I don't know why I feel this way but I feel like if I could have a near death experience or just die for a minute then I would be cured. what are your thoughts? I don't want to die but I feel like if I could be shocked or something maybe I will feel better.


----------



## MagdaLena (Oct 12, 2010)

ShannaLynn said:


> I don't know why I feel this way but I feel like if I could have a near death experience or just die for a minute then I would be cured. what are your thoughts? I don't want to die but I feel like if I could be shocked or something maybe I will feel better.
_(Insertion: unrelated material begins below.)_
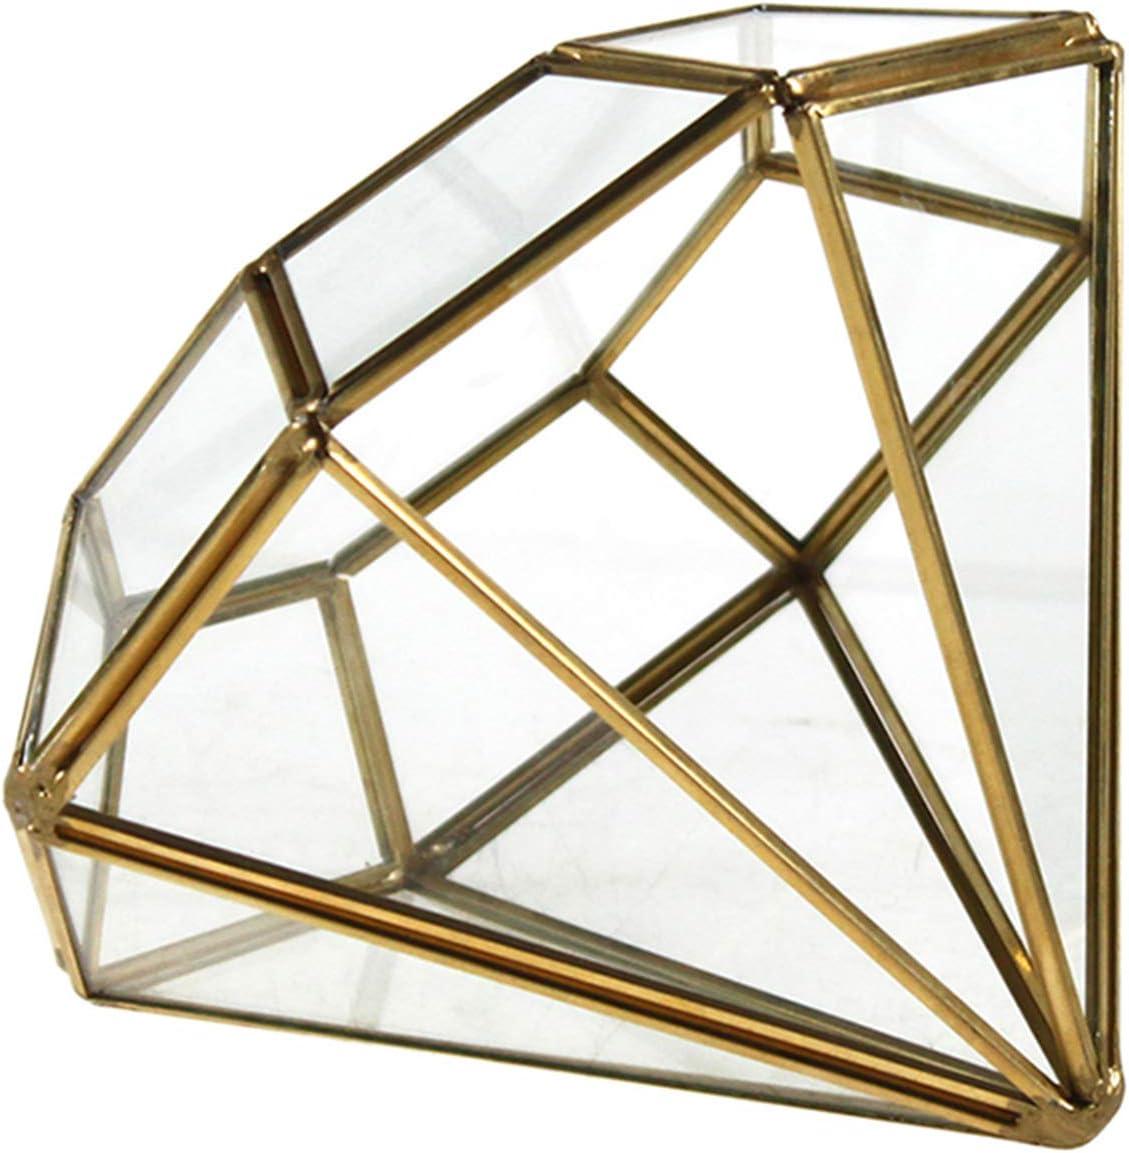 "WGV Geometric Planter Terrarium, Width 5.3"" Height 6"" Clear Glass Gold Frame DIY Succulent air Plant Miniature Fairy Garden Windowsill Tabletop Decor, Diamond 1 Piece"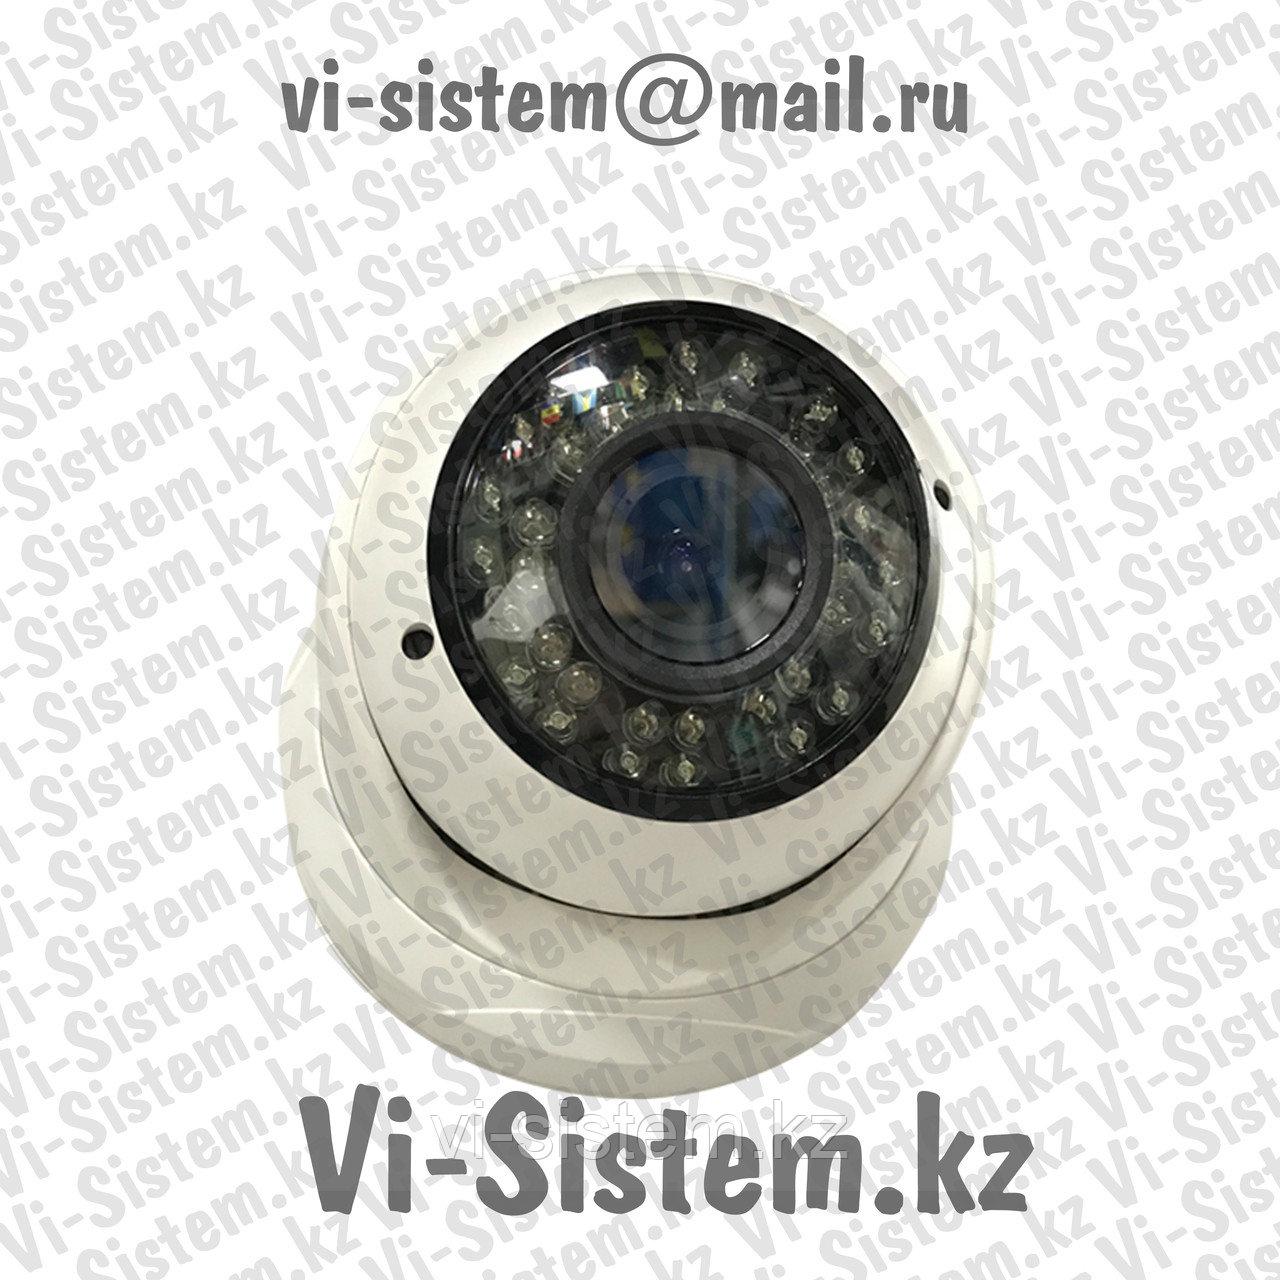 IP-Видеокамера SYNCAR SY-183 2MP

_*IDK- I do FEEL like I'm dying all the time. But I'm pretty sure that's just in my whacked head.*_


----------



## ValleyGirl (Nov 10, 2017)

Nope. I met a girl with dp who got dp after she bleed out during a routine operation. She almost died and it triggered dp.


----------



## voidvoid (Sep 5, 2008)

Well they say that a properly supervised Shroom/MDMA/LSD trip can cure people or make them feel better, there have been studies. I have also heard about people doing it "illegally" and having very therapeutic experiences. Imho this could be for many reasons, one of which is that maybe *completely* killing your ego and coming back again could be cleansing. Others say that they are able to think about problems etc and see things from a different perspective and work things out during the trip. Others say that they see "truth" or something that they cannot really define, but something like a connection to the universe that brings inner peace.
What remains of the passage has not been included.